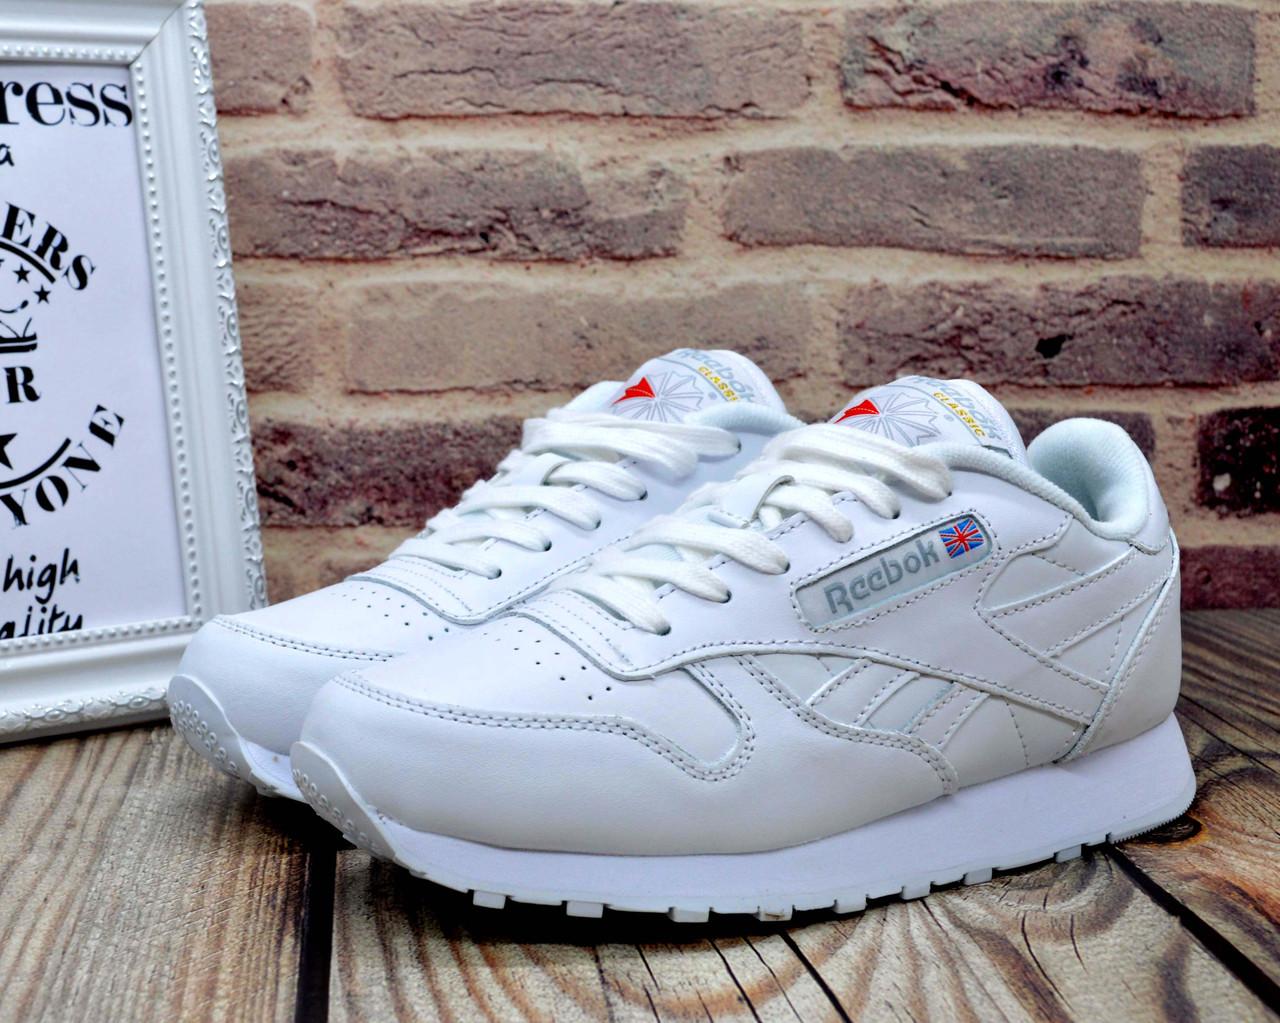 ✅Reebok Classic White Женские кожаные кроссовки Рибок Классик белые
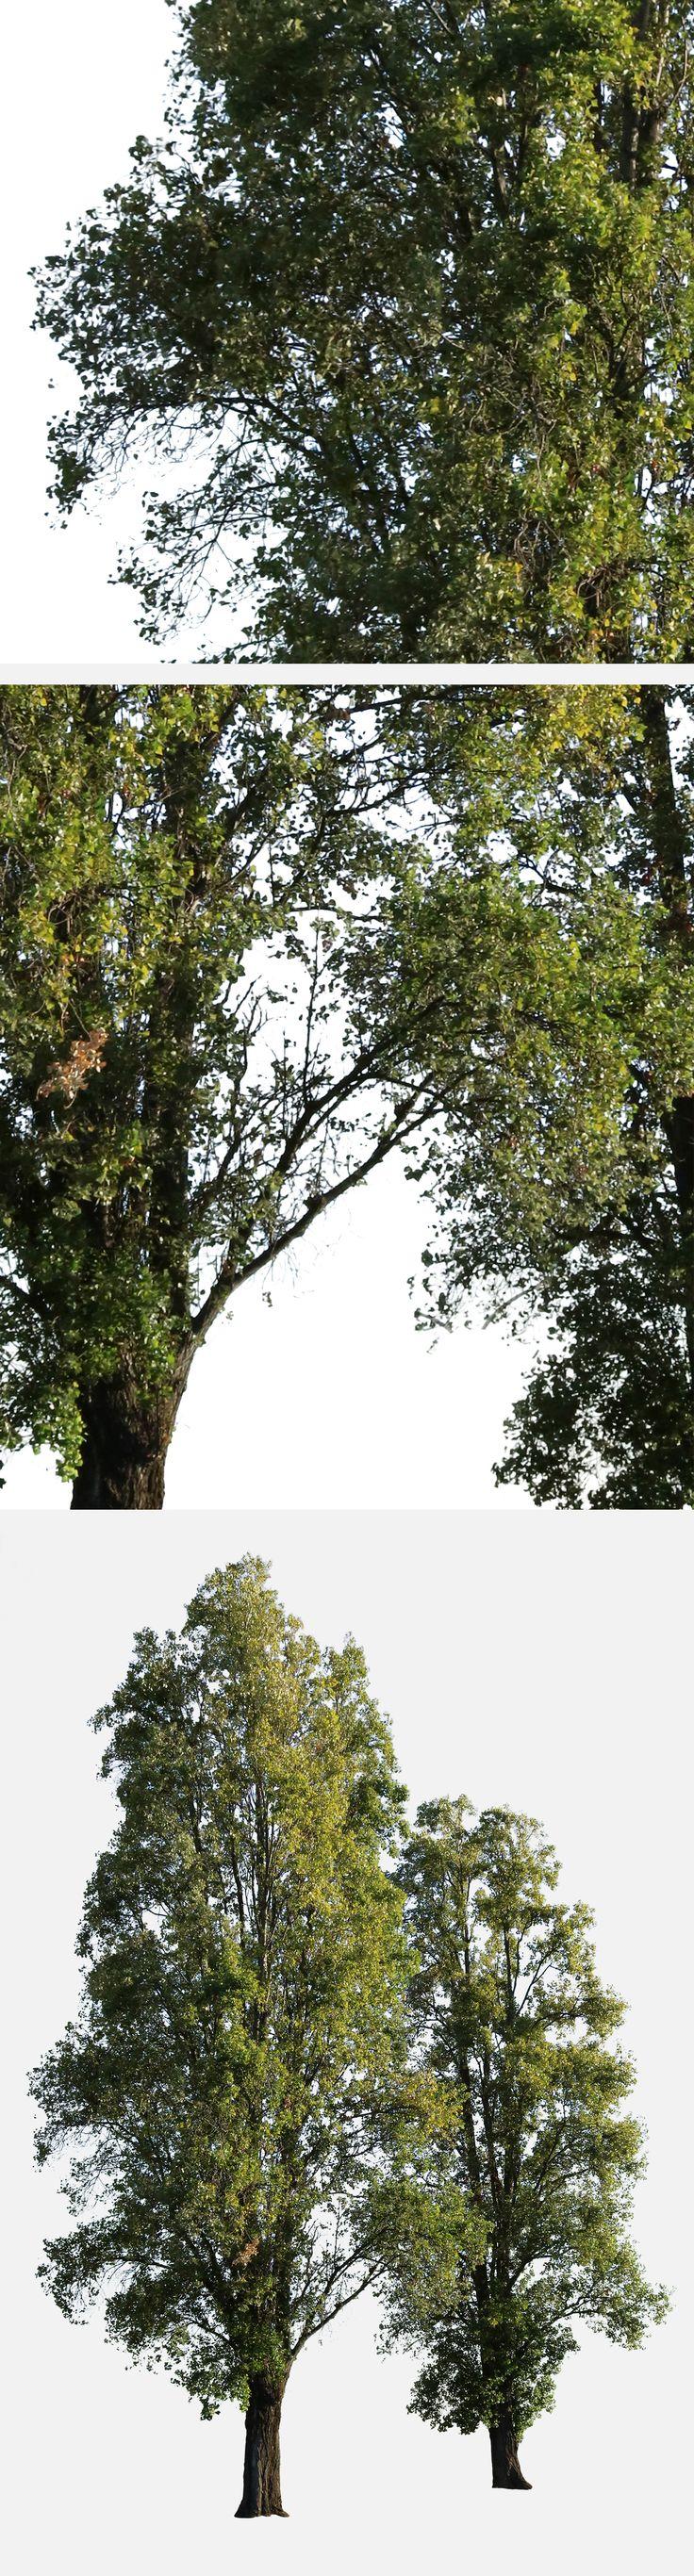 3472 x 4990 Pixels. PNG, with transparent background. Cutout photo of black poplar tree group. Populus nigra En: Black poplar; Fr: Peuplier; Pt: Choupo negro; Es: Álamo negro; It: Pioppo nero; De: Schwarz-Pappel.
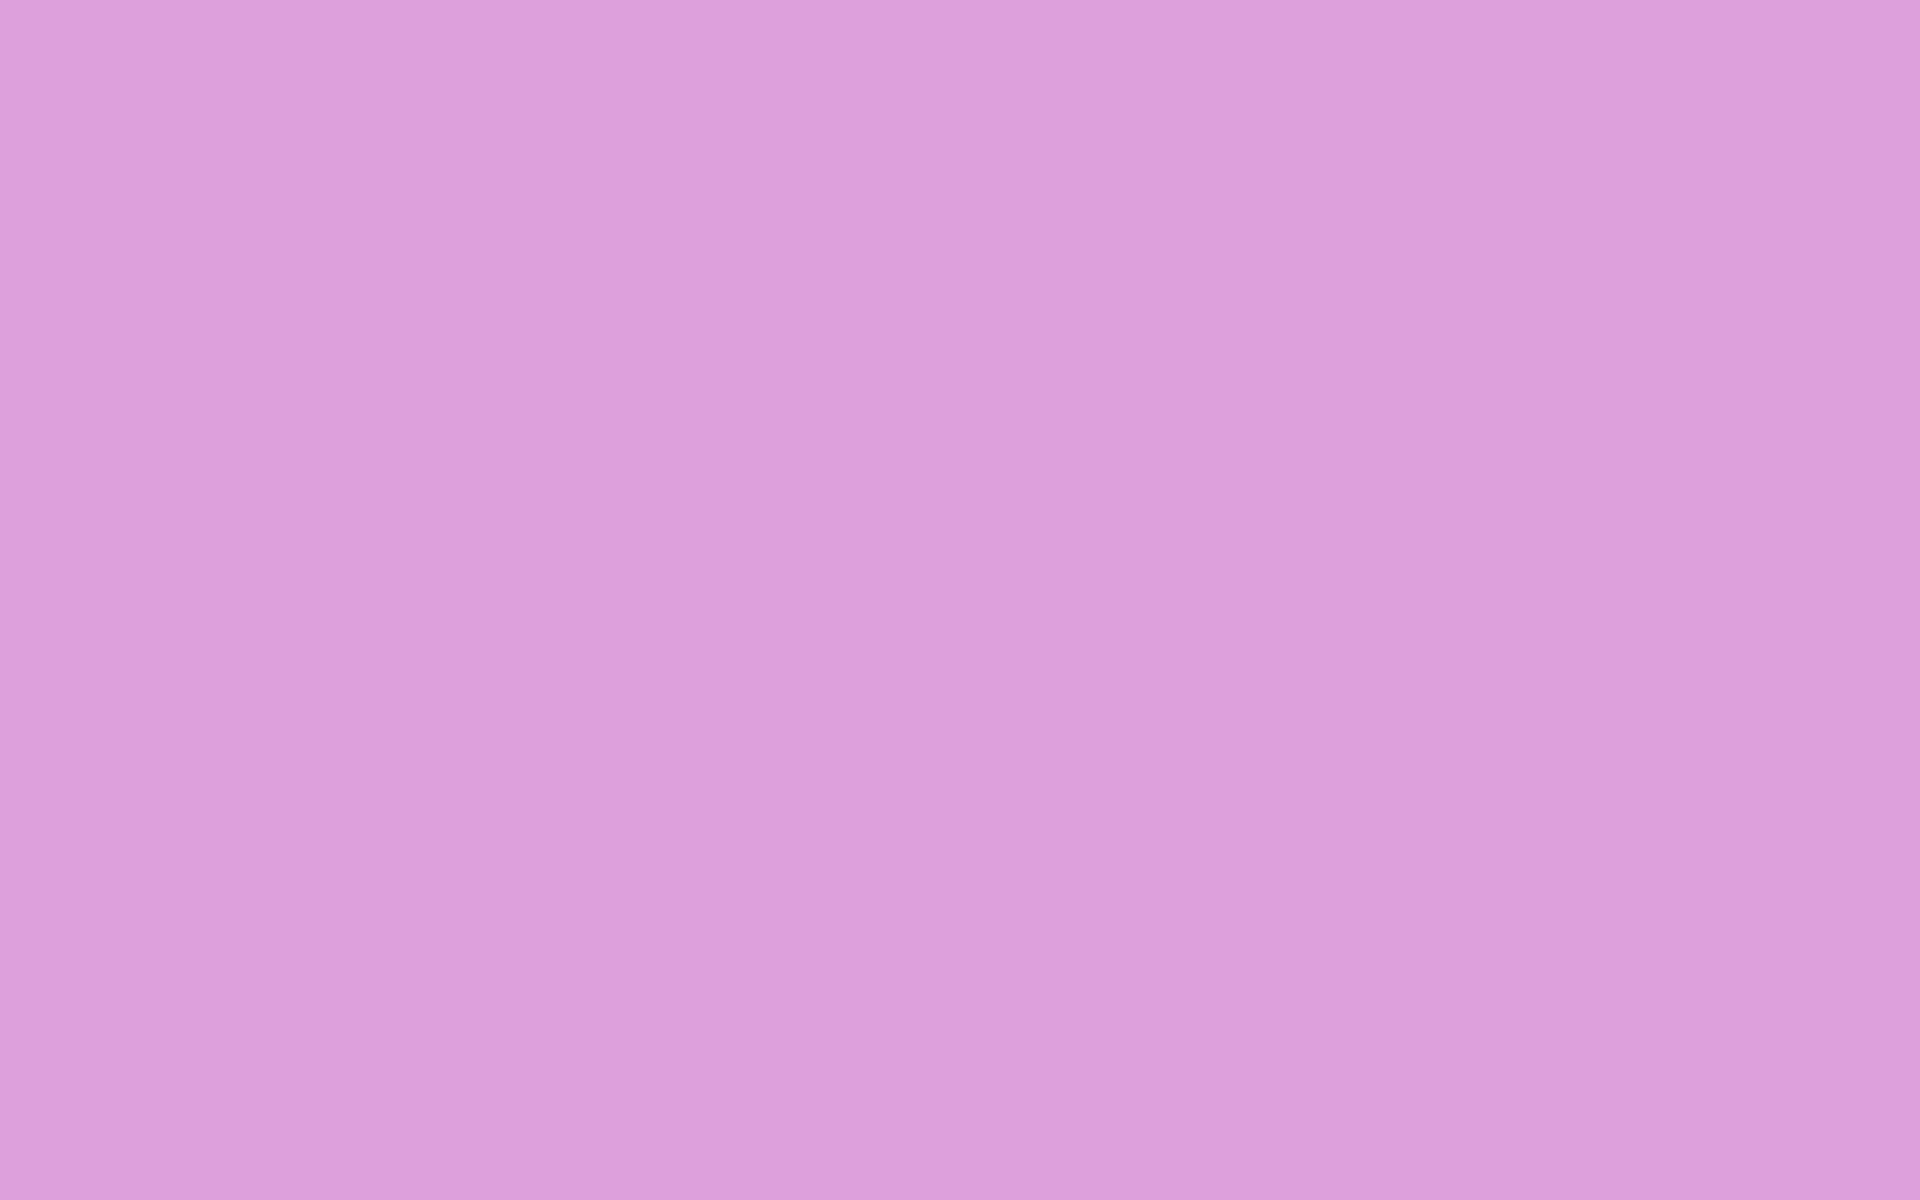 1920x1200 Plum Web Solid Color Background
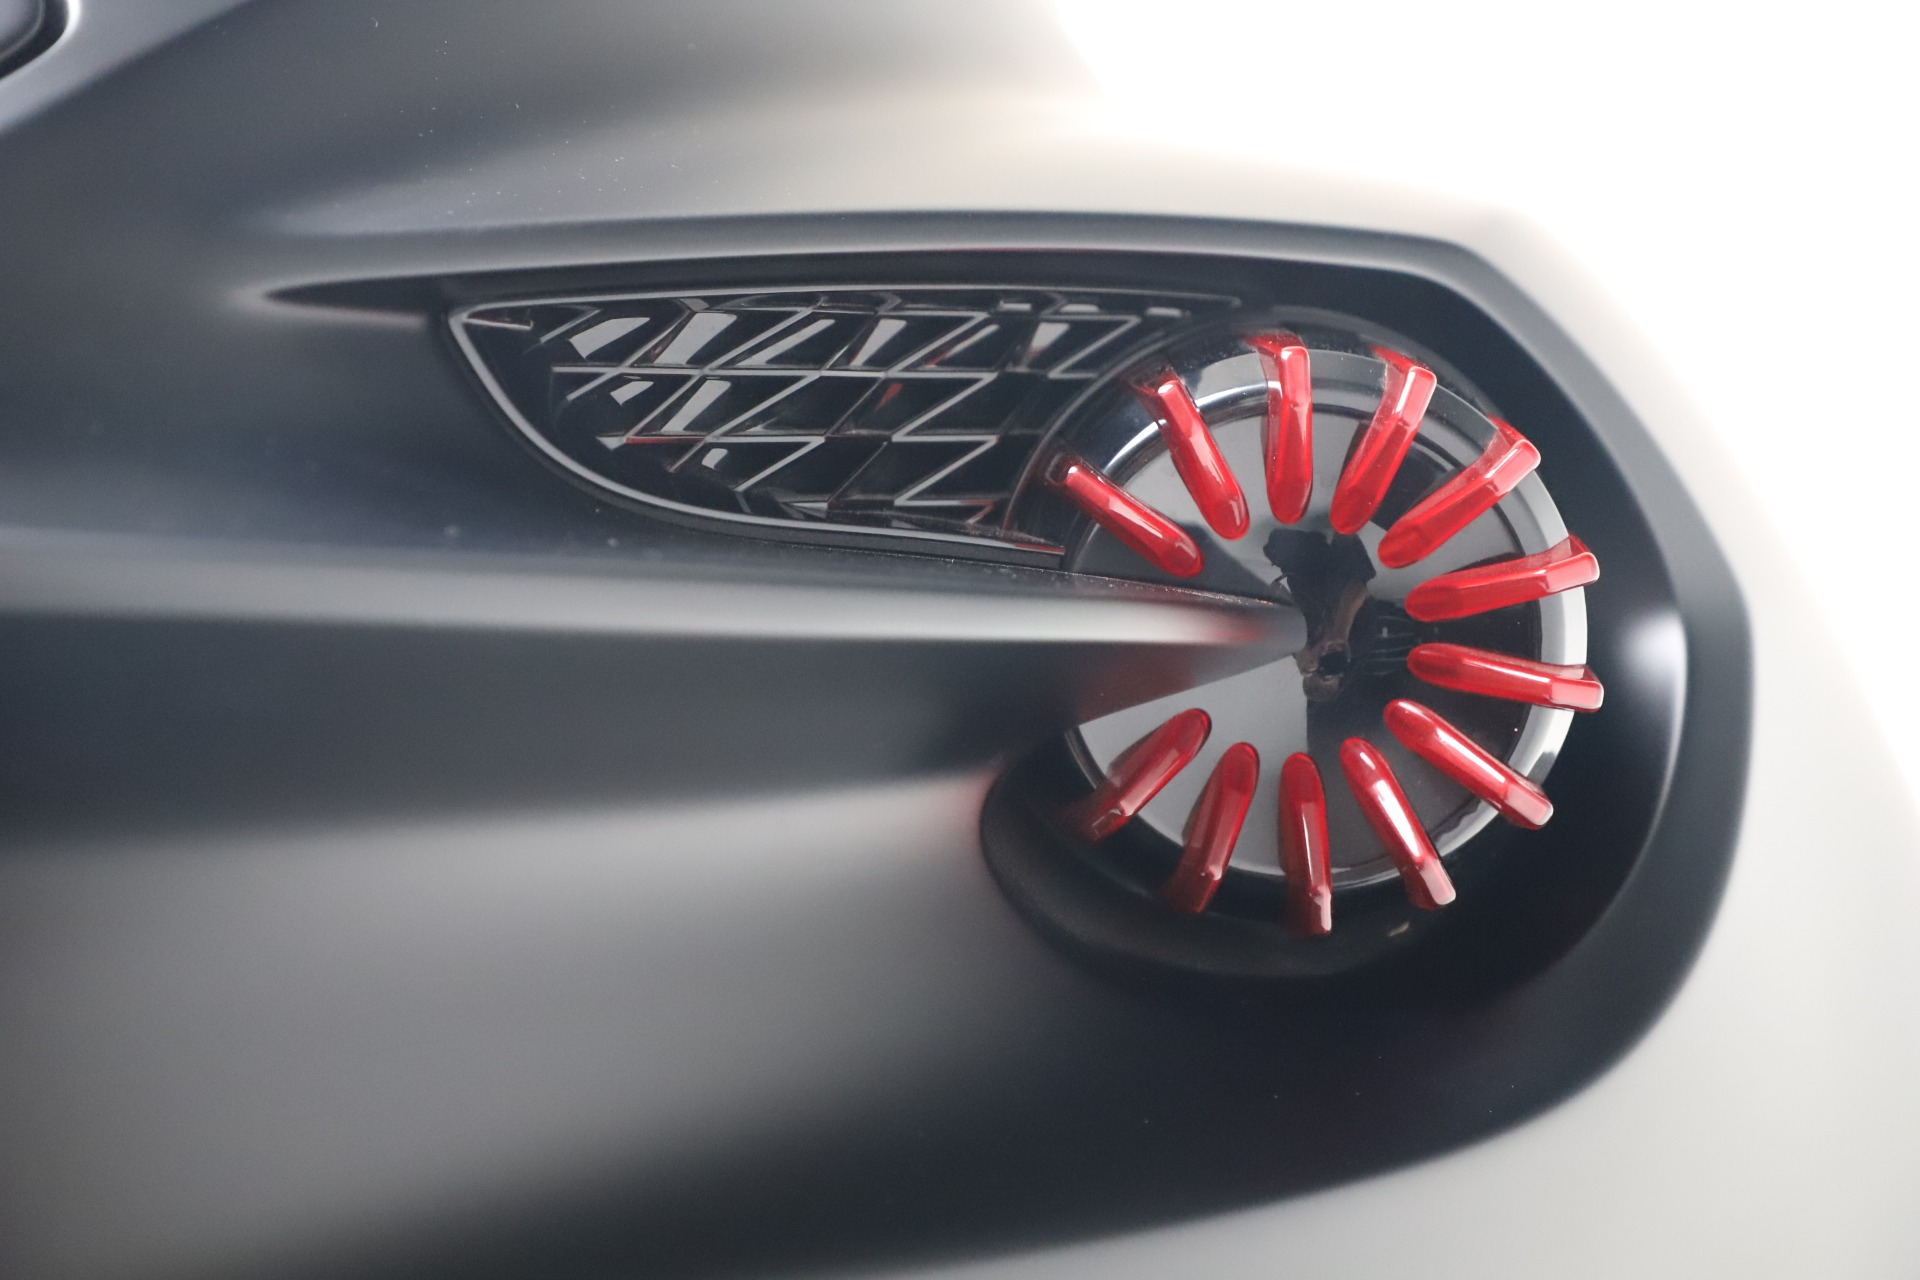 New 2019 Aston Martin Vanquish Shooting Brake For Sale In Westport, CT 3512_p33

—————

About this task – Retype the whole of the data verbatim. Skip every picture.

Response for this exercise –
 ✅Reebok Classic White Женские кожаные кроссовки Рибок Классик белые
 3472 x 4990 Pixels. PNG, with transparent background. Cutout photo of black poplar tree group. Populus nigra En: Black poplar; Fr: Peuplier; Pt: Choupo negro; Es: Álamo negro; It: Pioppo nero; De: Schwarz-Pappel.
 1920x1200 Plum Web Solid Color Background
 New 2019 Aston Martin Vanquish Shooting Brake For Sale In Westport, CT 3512_p33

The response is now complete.